■ **Data for analysis**:
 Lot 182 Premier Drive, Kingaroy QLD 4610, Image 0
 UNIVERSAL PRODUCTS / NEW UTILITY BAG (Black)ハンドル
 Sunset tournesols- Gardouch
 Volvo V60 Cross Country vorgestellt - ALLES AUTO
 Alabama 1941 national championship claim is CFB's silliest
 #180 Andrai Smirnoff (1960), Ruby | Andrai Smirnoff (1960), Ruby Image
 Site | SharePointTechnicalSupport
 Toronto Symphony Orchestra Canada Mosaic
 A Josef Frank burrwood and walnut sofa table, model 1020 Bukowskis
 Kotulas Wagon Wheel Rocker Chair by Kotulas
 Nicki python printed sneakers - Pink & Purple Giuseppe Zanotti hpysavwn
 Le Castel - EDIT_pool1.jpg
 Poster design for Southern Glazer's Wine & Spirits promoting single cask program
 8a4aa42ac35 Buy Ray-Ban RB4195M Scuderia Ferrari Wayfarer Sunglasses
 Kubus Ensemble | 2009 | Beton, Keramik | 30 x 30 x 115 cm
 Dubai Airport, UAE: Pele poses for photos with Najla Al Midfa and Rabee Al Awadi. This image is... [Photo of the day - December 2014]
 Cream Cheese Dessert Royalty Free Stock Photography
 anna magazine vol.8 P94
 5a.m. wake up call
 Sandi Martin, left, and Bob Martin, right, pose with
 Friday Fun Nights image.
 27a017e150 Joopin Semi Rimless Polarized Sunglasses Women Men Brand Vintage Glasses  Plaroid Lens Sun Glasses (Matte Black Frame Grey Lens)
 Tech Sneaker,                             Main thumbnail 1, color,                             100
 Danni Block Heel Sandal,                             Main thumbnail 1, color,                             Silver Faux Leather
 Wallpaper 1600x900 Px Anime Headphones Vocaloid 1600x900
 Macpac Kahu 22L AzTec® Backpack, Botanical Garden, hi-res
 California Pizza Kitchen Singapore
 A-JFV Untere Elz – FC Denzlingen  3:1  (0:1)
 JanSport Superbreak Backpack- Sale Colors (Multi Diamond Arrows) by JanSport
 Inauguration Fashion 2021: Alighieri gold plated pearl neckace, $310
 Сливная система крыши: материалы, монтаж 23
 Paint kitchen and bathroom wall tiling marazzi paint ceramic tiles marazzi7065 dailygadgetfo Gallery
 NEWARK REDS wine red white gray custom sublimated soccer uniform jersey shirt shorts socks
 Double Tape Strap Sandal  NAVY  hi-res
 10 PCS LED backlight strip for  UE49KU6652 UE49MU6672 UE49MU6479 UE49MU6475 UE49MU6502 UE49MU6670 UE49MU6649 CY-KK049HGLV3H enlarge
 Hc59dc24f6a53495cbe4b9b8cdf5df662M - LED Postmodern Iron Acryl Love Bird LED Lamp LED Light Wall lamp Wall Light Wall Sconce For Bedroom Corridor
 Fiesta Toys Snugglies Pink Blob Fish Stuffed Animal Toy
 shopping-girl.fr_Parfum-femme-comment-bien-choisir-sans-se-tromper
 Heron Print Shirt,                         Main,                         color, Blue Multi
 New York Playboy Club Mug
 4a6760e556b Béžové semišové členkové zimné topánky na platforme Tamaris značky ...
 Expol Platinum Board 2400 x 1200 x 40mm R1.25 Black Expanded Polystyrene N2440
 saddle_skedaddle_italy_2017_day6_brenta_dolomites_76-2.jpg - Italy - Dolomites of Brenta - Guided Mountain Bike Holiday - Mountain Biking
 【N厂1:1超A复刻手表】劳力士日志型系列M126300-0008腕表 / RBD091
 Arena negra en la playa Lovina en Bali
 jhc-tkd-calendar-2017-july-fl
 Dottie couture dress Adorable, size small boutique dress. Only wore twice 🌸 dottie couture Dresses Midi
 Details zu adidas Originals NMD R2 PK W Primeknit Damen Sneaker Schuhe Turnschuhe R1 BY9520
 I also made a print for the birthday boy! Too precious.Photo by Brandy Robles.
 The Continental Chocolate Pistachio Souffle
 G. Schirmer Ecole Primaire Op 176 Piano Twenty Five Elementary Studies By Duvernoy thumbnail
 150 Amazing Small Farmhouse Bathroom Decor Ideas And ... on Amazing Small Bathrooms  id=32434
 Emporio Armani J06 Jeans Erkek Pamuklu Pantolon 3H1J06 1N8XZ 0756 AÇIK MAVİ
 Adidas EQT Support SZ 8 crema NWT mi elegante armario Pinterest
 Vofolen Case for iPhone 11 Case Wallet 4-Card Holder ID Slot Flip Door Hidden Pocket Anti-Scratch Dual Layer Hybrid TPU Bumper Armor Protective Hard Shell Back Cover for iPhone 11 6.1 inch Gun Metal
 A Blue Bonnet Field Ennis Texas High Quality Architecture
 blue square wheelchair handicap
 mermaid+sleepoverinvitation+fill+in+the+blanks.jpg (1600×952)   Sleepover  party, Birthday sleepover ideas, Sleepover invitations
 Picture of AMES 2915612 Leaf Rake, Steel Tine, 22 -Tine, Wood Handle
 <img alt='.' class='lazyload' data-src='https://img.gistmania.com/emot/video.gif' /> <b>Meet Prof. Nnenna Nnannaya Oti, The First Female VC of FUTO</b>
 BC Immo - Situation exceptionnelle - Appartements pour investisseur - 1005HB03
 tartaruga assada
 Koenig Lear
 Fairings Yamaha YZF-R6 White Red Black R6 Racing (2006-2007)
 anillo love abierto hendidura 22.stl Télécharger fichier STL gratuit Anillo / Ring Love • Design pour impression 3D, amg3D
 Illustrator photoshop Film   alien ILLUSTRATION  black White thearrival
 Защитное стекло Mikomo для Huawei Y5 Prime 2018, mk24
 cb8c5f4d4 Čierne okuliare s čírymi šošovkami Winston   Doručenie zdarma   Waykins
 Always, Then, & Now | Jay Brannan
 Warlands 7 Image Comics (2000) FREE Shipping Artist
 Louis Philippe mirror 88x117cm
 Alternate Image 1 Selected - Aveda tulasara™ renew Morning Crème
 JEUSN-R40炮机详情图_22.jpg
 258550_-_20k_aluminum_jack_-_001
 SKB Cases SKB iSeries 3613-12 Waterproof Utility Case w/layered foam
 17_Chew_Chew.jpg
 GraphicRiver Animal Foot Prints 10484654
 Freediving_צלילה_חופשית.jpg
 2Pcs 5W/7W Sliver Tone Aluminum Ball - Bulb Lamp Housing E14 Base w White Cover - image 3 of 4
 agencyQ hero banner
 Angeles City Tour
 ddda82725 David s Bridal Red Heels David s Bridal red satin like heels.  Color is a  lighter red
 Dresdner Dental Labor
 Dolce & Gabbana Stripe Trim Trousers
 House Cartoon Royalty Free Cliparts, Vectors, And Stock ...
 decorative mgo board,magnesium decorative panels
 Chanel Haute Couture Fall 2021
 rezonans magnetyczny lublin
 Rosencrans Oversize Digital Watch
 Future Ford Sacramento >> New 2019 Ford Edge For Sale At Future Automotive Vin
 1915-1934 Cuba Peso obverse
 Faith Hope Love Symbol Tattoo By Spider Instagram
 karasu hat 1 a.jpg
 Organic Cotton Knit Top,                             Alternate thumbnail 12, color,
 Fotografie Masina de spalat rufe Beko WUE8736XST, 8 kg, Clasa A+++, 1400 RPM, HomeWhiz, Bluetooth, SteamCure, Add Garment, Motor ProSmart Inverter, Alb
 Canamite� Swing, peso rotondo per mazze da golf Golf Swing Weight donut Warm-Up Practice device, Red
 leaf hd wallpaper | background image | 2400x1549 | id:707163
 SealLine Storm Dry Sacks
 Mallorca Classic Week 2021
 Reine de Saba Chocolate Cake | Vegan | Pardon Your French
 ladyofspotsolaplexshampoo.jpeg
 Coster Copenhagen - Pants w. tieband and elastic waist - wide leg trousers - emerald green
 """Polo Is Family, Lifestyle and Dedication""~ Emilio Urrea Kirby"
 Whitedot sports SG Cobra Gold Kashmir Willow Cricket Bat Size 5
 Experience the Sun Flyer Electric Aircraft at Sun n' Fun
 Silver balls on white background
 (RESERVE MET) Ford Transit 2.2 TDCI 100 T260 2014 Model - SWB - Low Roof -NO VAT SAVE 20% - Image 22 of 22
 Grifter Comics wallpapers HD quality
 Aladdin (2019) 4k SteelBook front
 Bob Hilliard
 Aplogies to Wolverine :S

■ **Activity**: What are the lines, exactly as written above, from the line with "Защитное стекло Mikomo" to the line with "1915-1934 Cuba Peso obverse", both included? Output only those.

■ **Solution to this problem**:
 Защитное стекло Mikomo для Huawei Y5 Prime 2018, mk24
 cb8c5f4d4 Čierne okuliare s čírymi šošovkami Winston   Doručenie zdarma   Waykins
 Always, Then, & Now | Jay Brannan
 Warlands 7 Image Comics (2000) FREE Shipping Artist
 Louis Philippe mirror 88x117cm
 Alternate Image 1 Selected - Aveda tulasara™ renew Morning Crème
 JEUSN-R40炮机详情图_22.jpg
 258550_-_20k_aluminum_jack_-_001
 SKB Cases SKB iSeries 3613-12 Waterproof Utility Case w/layered foam
 17_Chew_Chew.jpg
 GraphicRiver Animal Foot Prints 10484654
 Freediving_צלילה_חופשית.jpg
 2Pcs 5W/7W Sliver Tone Aluminum Ball - Bulb Lamp Housing E14 Base w White Cover - image 3 of 4
 agencyQ hero banner
 Angeles City Tour
 ddda82725 David s Bridal Red Heels David s Bridal red satin like heels.  Color is a  lighter red
 Dresdner Dental Labor
 Dolce & Gabbana Stripe Trim Trousers
 House Cartoon Royalty Free Cliparts, Vectors, And Stock ...
 decorative mgo board,magnesium decorative panels
 Chanel Haute Couture Fall 2021
 rezonans magnetyczny lublin
 Rosencrans Oversize Digital Watch
 Future Ford Sacramento >> New 2019 Ford Edge For Sale At Future Automotive Vin
 1915-1934 Cuba Peso obverse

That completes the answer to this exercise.